The ball proves to be a slightly more complicated protection detail when Goya displays an open attraction to Ellie that puts her in harm’s way of a would be assassin. Chuck flashes on some mad dancing skills and he and Sarah twirl their way across the dance floor to intercept him only to find out it is a false alarm. They are kicked out of the embassy forcing Casey out of the van. Misreading the situation and mistaking a Mario Brothers lookalike disguised Casey, Devon takes him out blowing Casey’s cover.
This leads to the rescue of Casey and the saving of the twice poisoned Ambassador via a reluctant blood donation from Casey. Thus the Angel of Death becomes the Angel of Life.
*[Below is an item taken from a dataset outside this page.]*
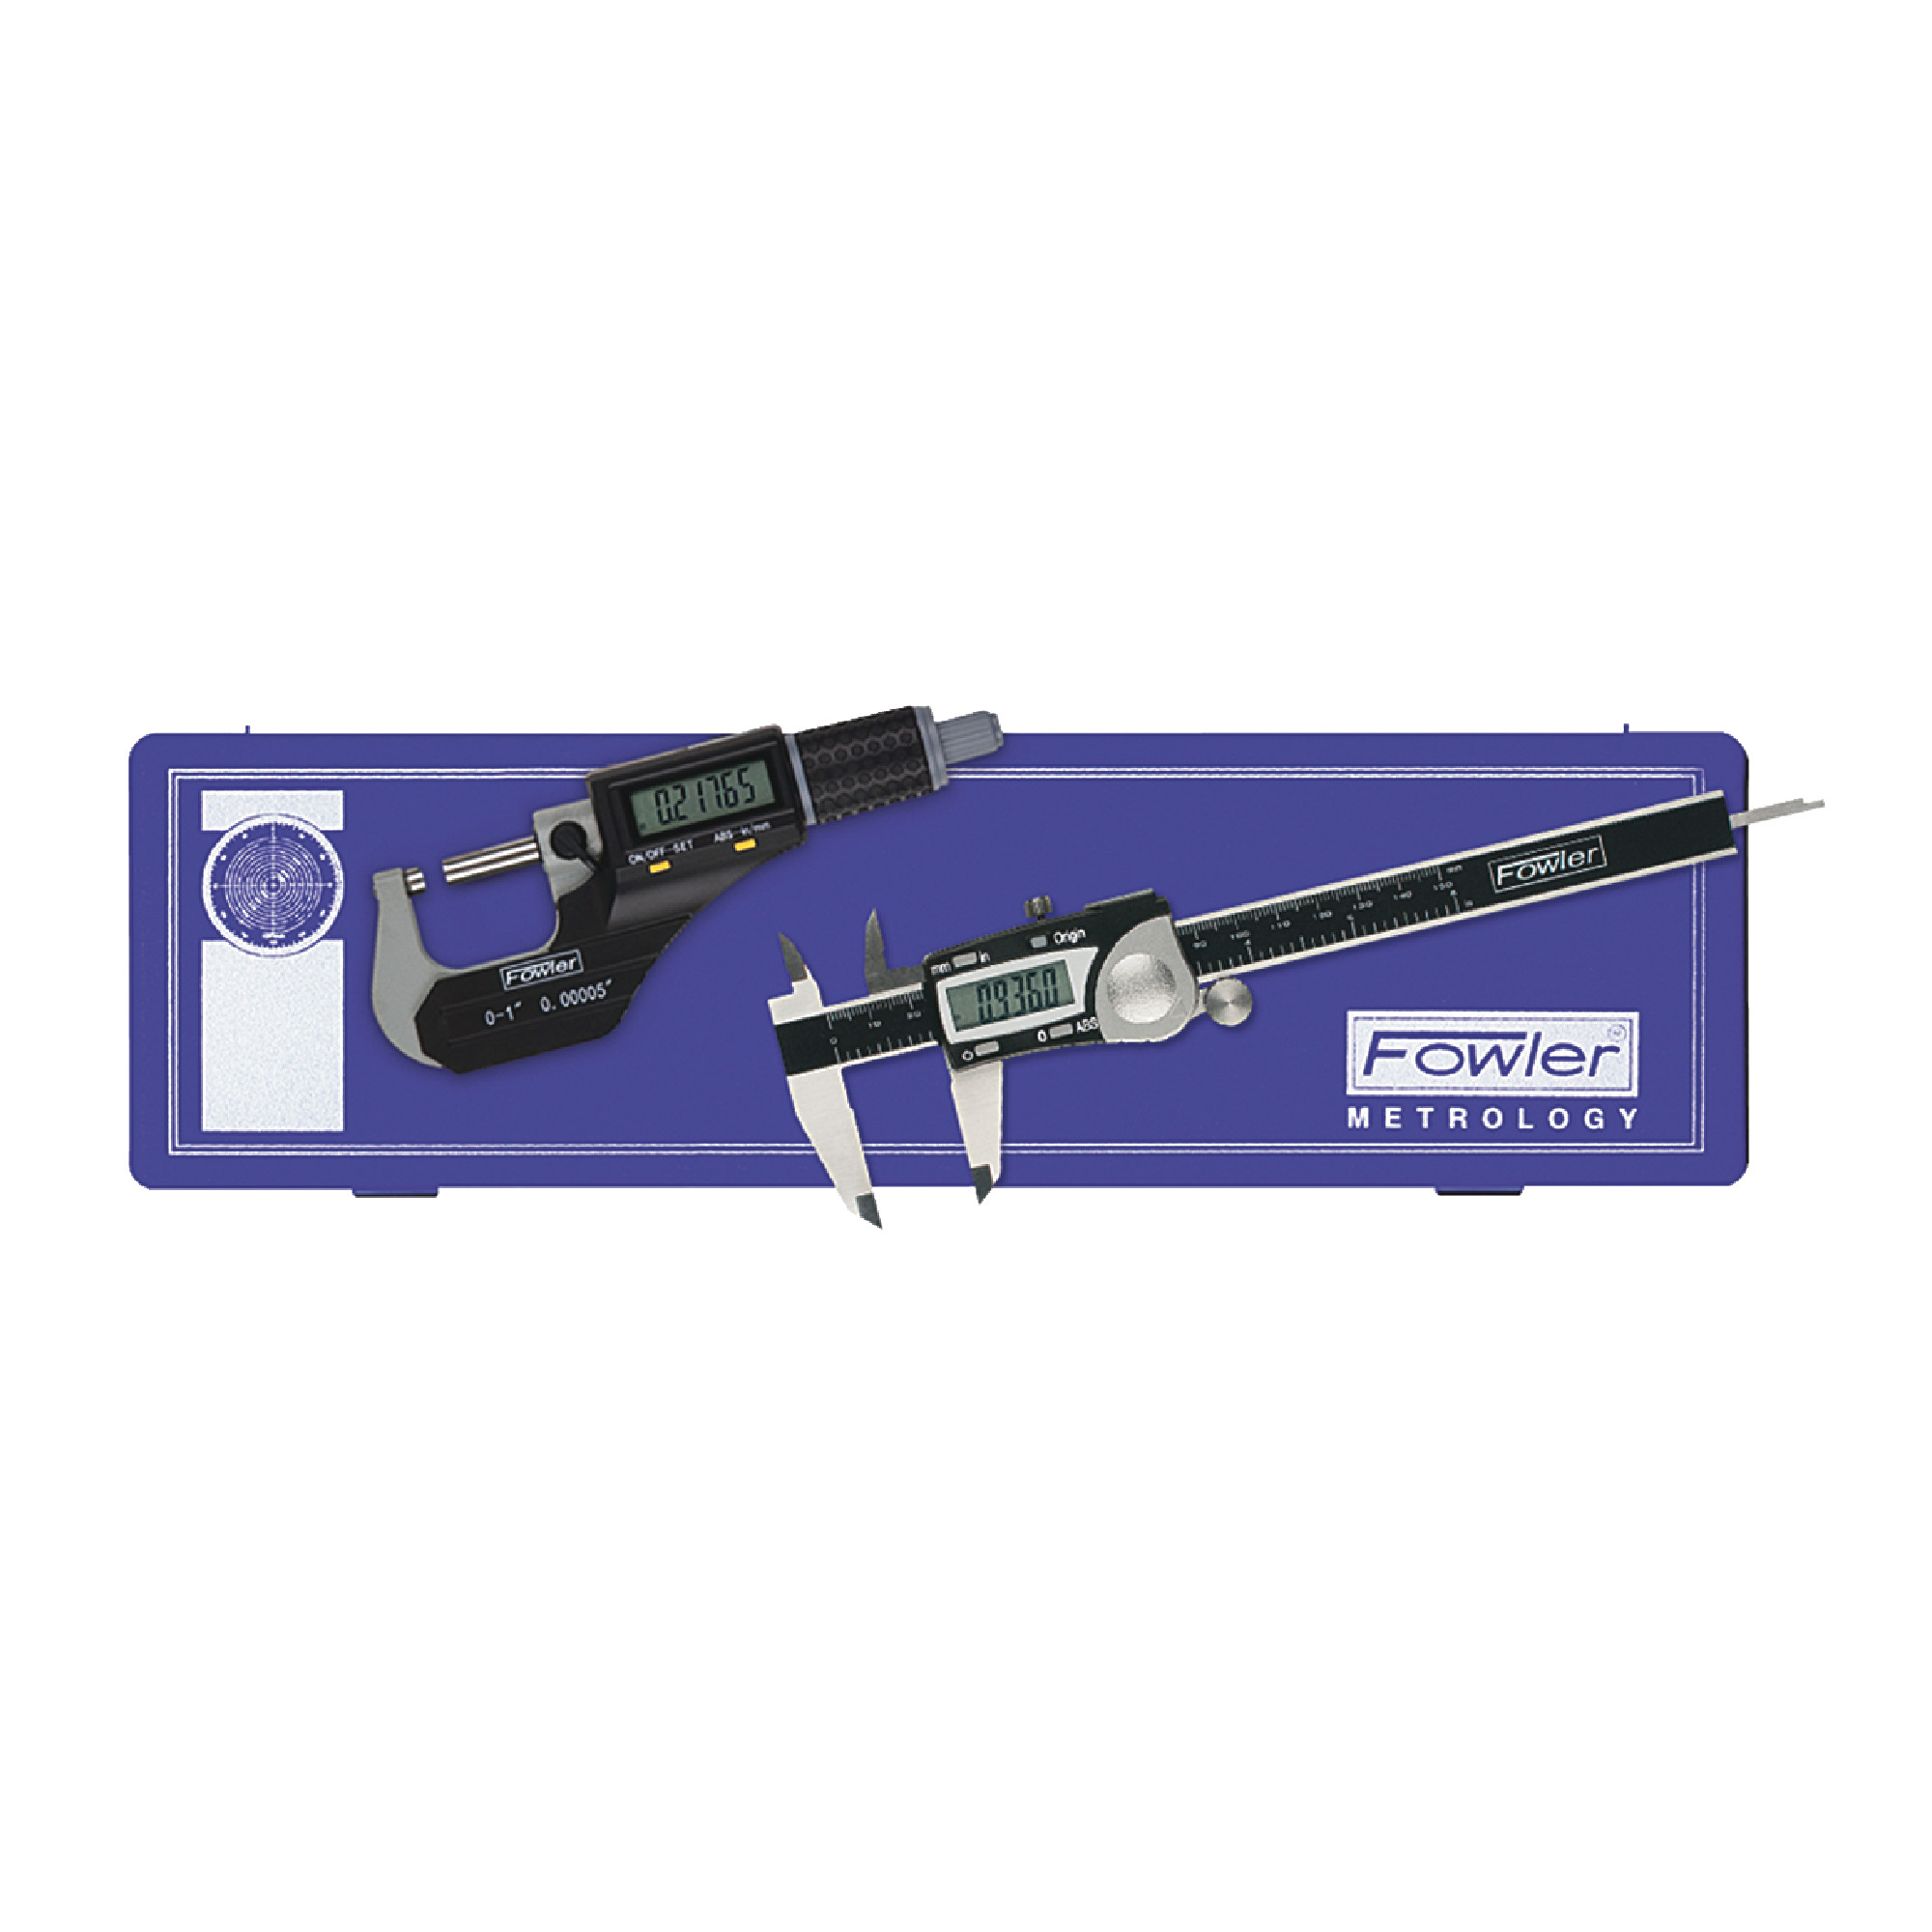 Electronic Caliper & Micrometer Set

Too bad the Premier’s thanks was done in a voice over instead of having Assante on stage to do this scene with Adam Baldwin. The interplay between the two would have been priceless.
Episode Flashes:

  • Devon/Ellie closet makeout scene including Ellie’s lucky sweater
  • Devon/Ellie making out within moments of meeting each other. Poor Chuck and Sarah.
  • Chuck returning from an unseen mission with the helicopter flying too close to home
  • Devon switching effortlessly from English to Spanish during a news conference
  • Devon scaring Chuck in his bedroom and Chuck unable to do so later on in the courtyard
  • Armand’s letcherous ways and dance scenes with Sarah Lancaster
  • shirtless sweaty Devon for the ladies again.
  • sweaterless Ellie for the guys – for the first time! No sweat though.
  • Casey’s fight scene with hypodermic needle filled with poison stuck in his leg
  • Casey listing Goya’s favourite movie and showering habits
  • Sarah putting weapons in a bag and Chuck taking them out as she plans to storm the embassy in a solo rescue mission to save Casey

Finally this episode sets up the relationship landscape for the third season. The handshake scene near the end between Chuck and Sarah is rife with multiple emotions and bears much rewatching. Compare this one to the one from S1. In S1 it is a handshake between two giddy children. In this one it is between adults. There is an air of maturity, loss, and recently learned lessons. For the first time in the series the two of them seem like adults.
There is regret in that handshake. Sarah wants to keep it simple. She is willing to try again but wants to start from a real place this time. She needs time to heal and she needs to be in this place for now so she can properly protect Chuck and the world from Intersect 2.0.
Chuck accepts her offer but there is an air about him of a lost opportunity and the realization that his calling has come at a high price.
This is borne out in the final scene when Sarah brings Chuck bad news about Devon. She gives him a hug that is simultaneously intense, gentle and intimate. It is not quite a gesture of comfort from a life partner but it is much more than that of just a friend.
It is a moment of sobering reality and Sarah acts accordingly.
All in all a very solid episode that only disappoints by not having a proper closing scene for Armand Assante.